The Lesson 1 review of steps with corresponding code from the notebook

saidaspen · March 3, 2018, 10:43am

I am really trying to wrap my head around lesson 1 but have not yet fully gotten there yet.
As part of this process I tried to map out the review-list from the end of the notebook to the steps in the notebook.

Here are two things I do not understand in the Review: easy steps to train a world-class image classifier:

Should we do step 3 (training the last layer from precomputed activations) without augmented data? What is the purpose of that in this case? Don’t we just disregard the outcome of that training anyway if we then recreate the learn variable?
In step 7, finding the learning rate once again. This learning rate is really what we should be using for the last layer in steg 6. Right? So, step 6 and step 7 should really switch place?

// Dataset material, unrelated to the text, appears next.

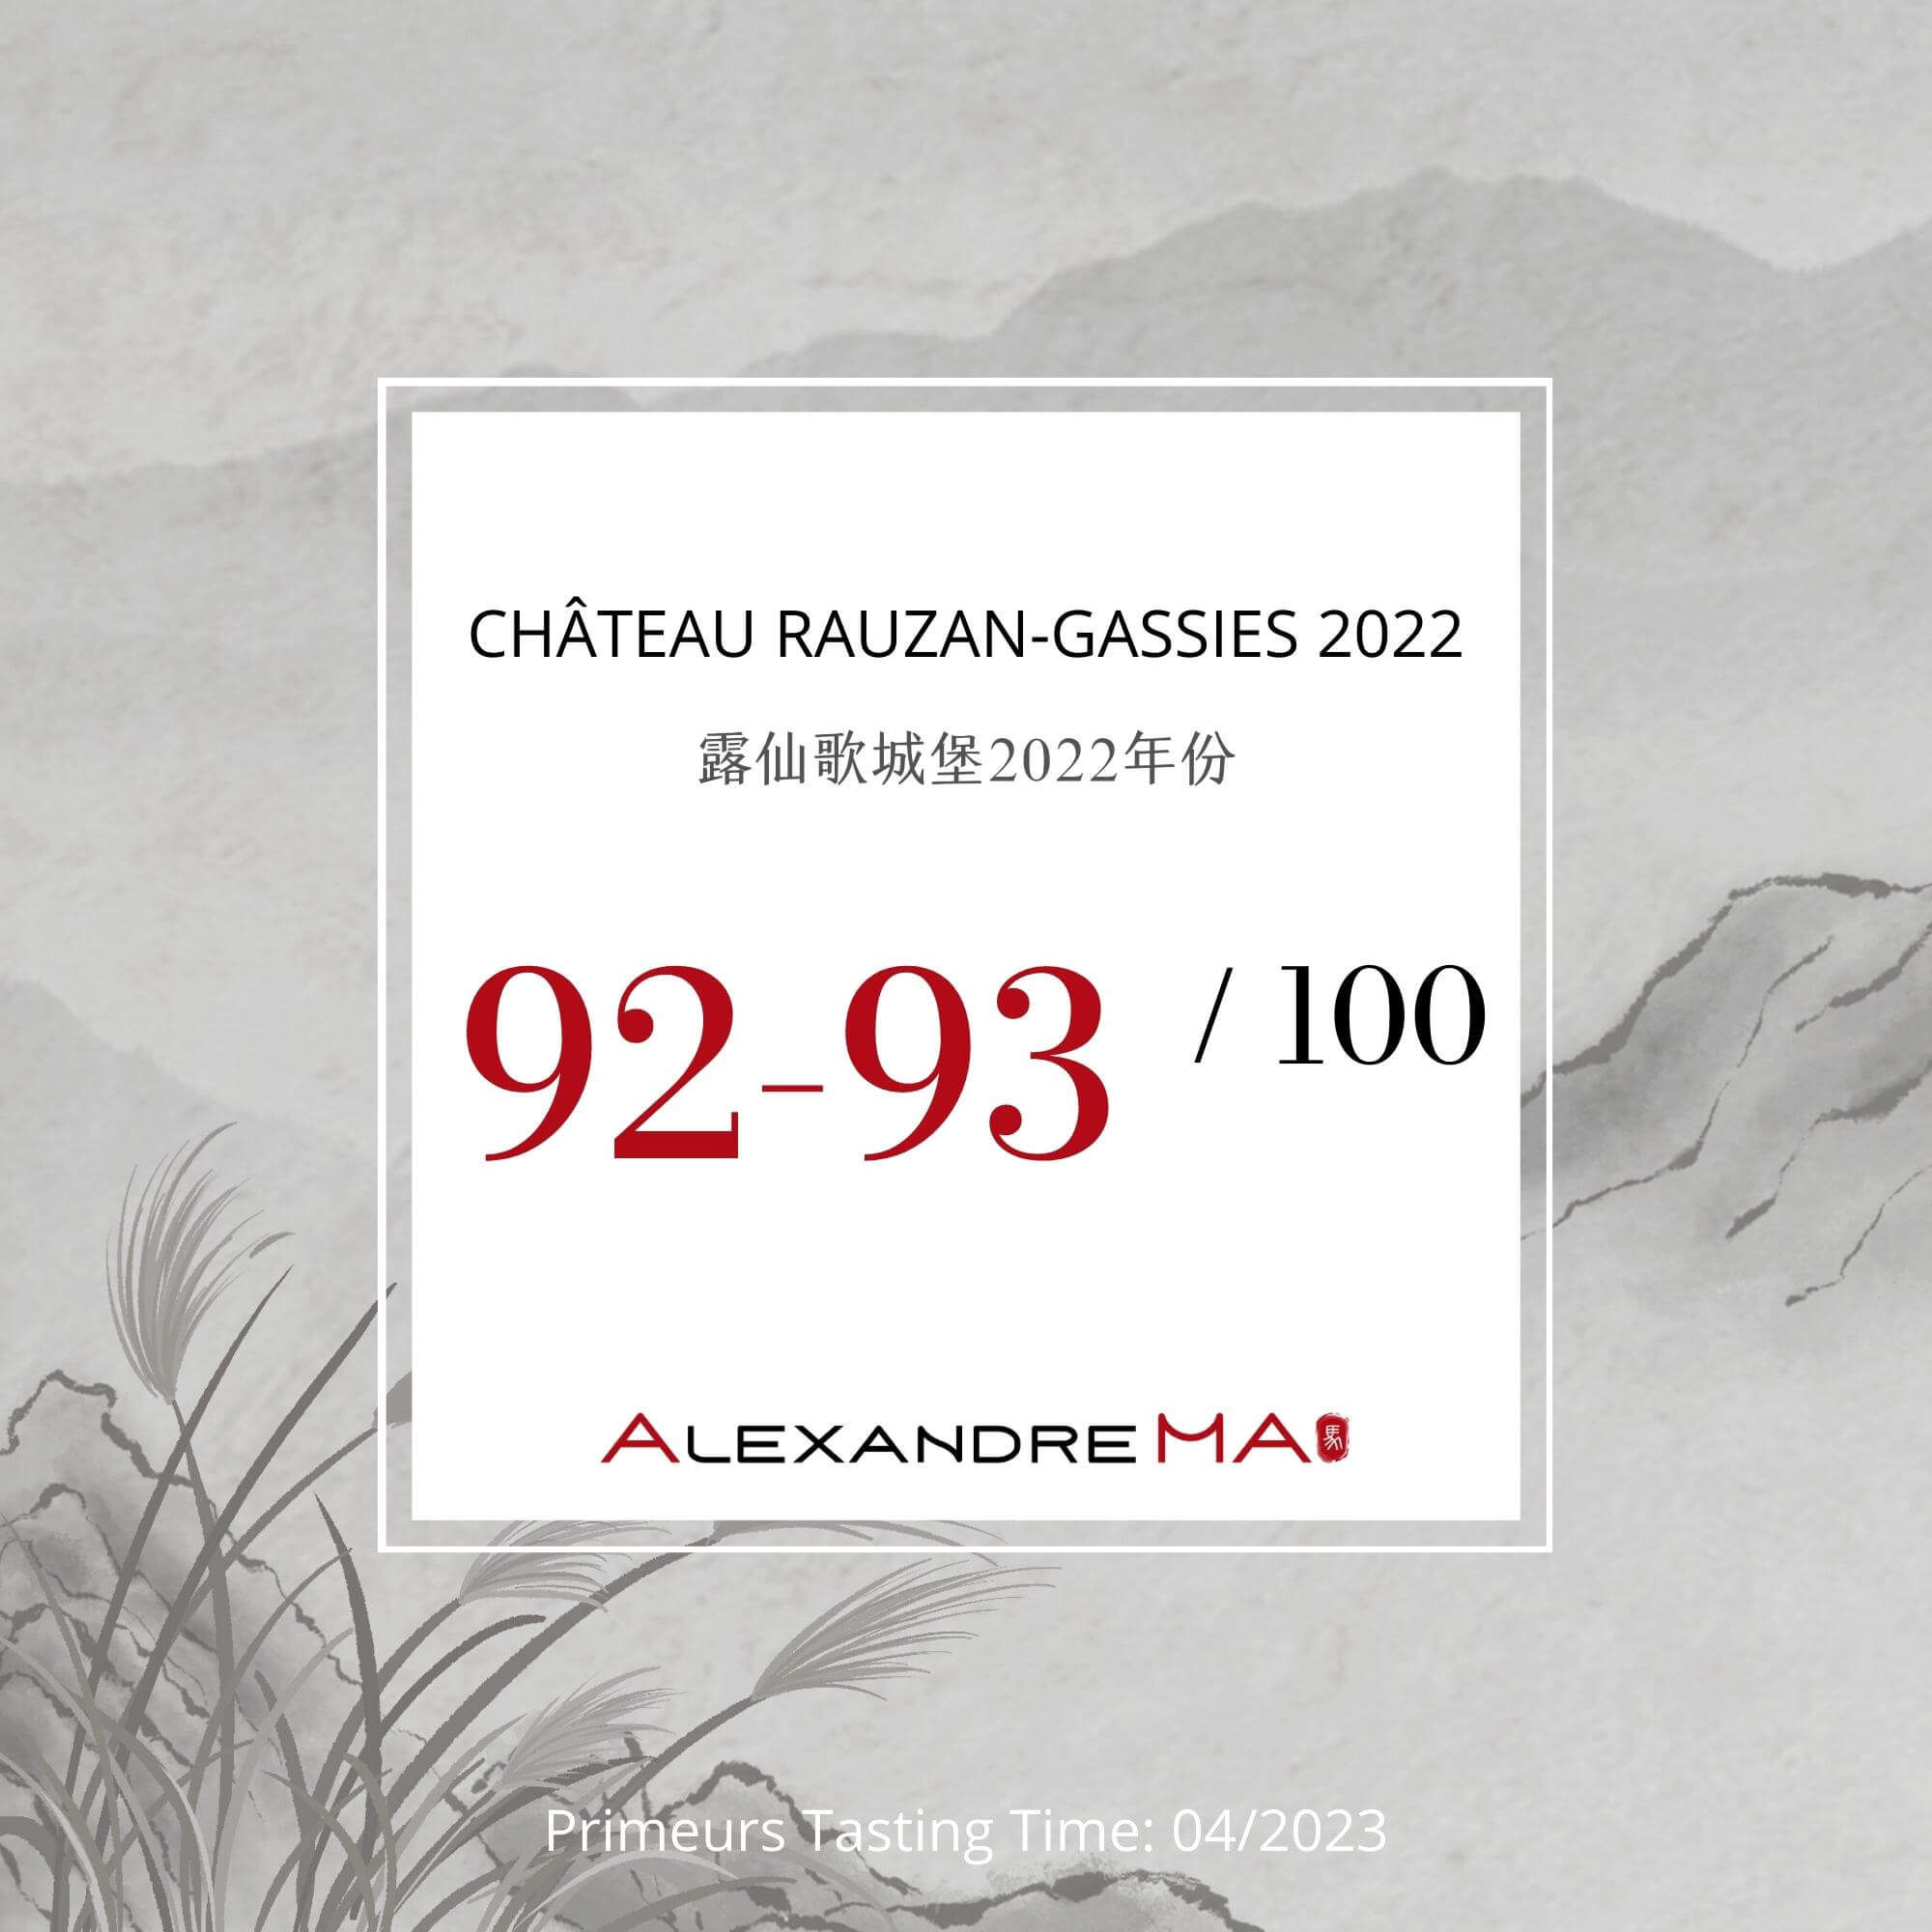 Château Rauzan-Gassies 2022 Primeurs - Alexandre MA

Outline of steps and corresponding part of the notebook

Here is an outline of the steps from the Review: easy steps to train a world-class image classifier in the notebook and the code that each step correspond to. Someone else might find this helpful and if it is wrong, then please help correct it.

Enable data augmentation, and precompute=True

tfms = tfms_from_model(resnet34, sz, aug_tfms=transforms_side_on, max_zoom=1.1)
data = ImageClassifierData.from_paths(PATH, tfms=tfms)

And that we then use the precompute flag set to true:

learn=ConvLearner.pretrained(arch, data, precompute=True)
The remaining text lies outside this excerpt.